Michael Brown—despite the fact that he didn’t behave well at all on that August 9th day when he pushed that store clerk and stole those cigarillos and then was shot and killed by Officer Darrin Brown—could have ultimately created a life that mattered to the city of Ferguson or wherever he ended up residing and earning a living. Let’s do all we can to make his tragic death matter. What, specifically, are these protesters doing to make sure that other young black men and women are creating lives that matter? Protesting and getting yourselves arrested is hardly a recipe for changing communities and how the police interact with non-white people. As Dr. King said, “Life’s most persistent and urgent question is, ‘What are you doing for others’?” What, really, are these protesters doing for others?
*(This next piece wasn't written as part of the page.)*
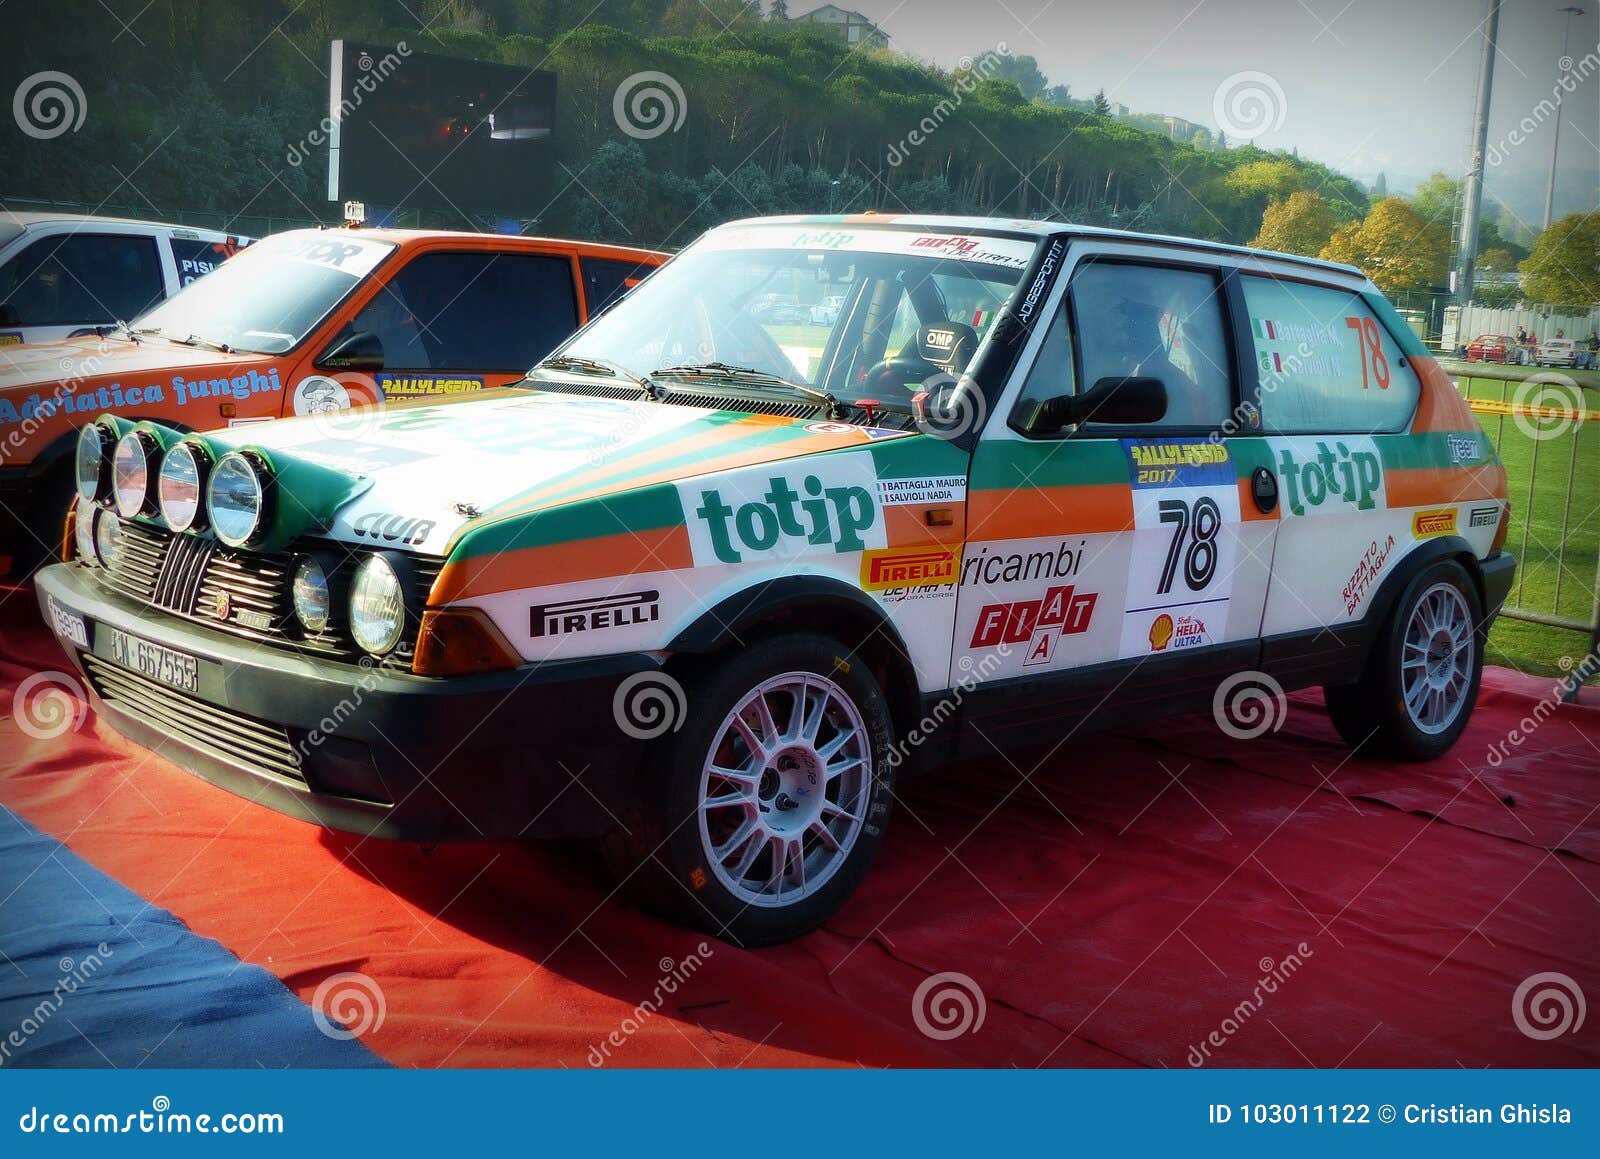 San Marino 21 October 17 Fiat Ritmo Abarth 130 At Rally The Legend Editorial Photography Image Of Citroen 02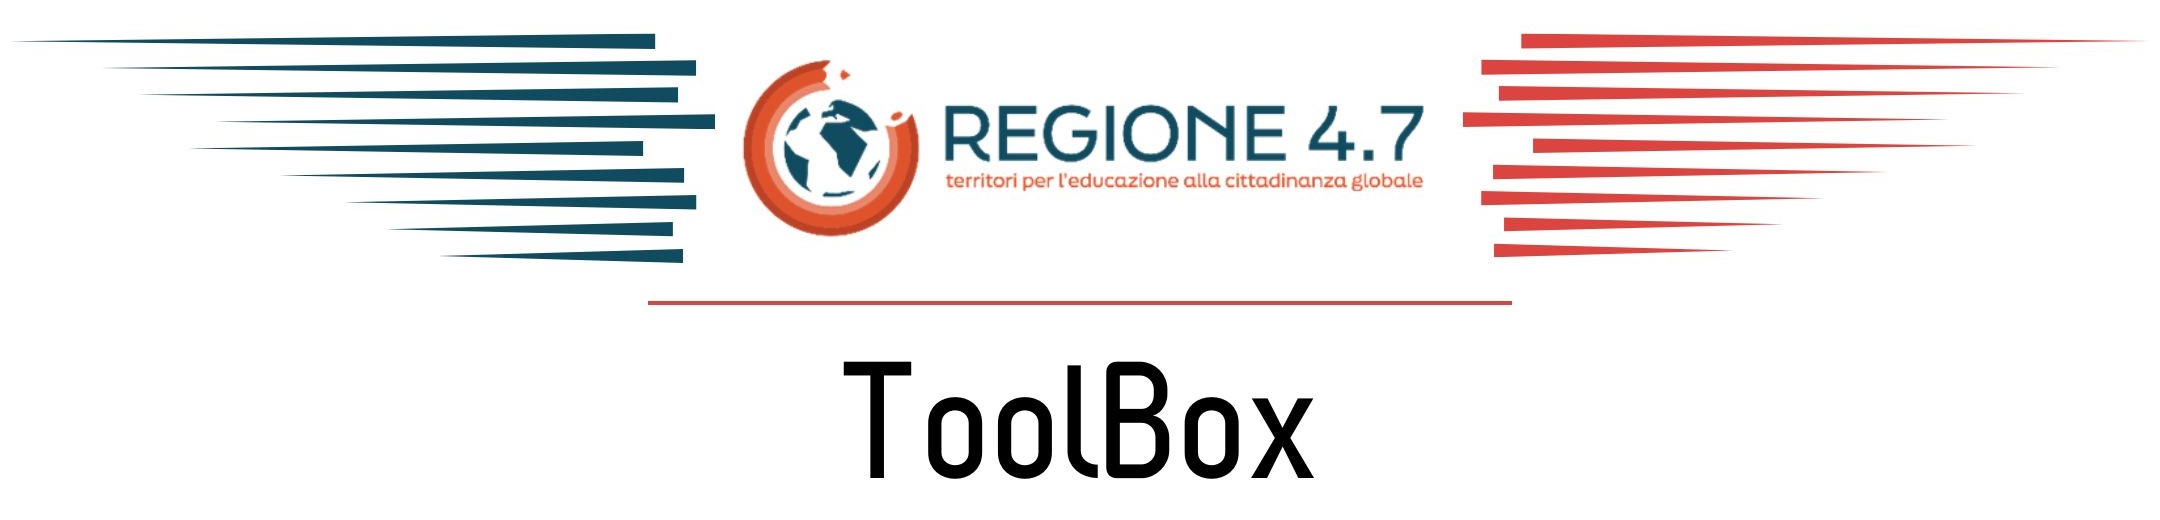 ToolBox Regione 4.7 - 1

Instead of organizing protests and burning crap down, perhaps they could organize book drives so that parents will have books to read to their children before bedtime. They could organize book clubs, so that black folks will read and engage in intellectual activities rather than sit on Facebook and Twitter and talk about the latest episode of “Scandal” or “How to Get Away with Murder.” They could organize and volunteer at their local school. Organize and volunteer to teach young women to respect themselves and their bodies and to do positive and uplifting things with their lives and for other people so that they will not look for a man or a baby to love them. Organize and teach folks how to garden so that they can eat a more holistic and organic diet. Organize and teach folks how to care for their body and to be more judicious about what they eat. Organize walking groups or exercise clubs so that folks can be better stewards of their body.

Listen. Lying down in the street to recreate and to remind folks how Michael Brown died is dramatic, but it isn’t constructive and is hardly a long-term solution to what ails the black community. As Charles Barkley said about the miscreants who were burning down and looting buildings in Ferguson: “Those aren’t real black people; those are scumbags. Real black people aren’t out there looting.” The “real black people” need to find constructive things to do that will REALLY help the communities who most need it.

Keith Myers, my friend from the University of Iowa, wrote this on his Facebook page the day before Thanksgiving: “Biggest tragedy about Ferguson? A mother lost her child. Maybe WE ALL should remember that when we break bread with our friends and loved ones tomorrow.”

Let us remember the sorrow of Michael Brown’s family, let us go into the holiday season spreading cheer and good will to each other, and let us always carry with us what the Dalai Lama said: “We all have to live together, so we might as well live together happily.” Let us all of us do better at living together happily.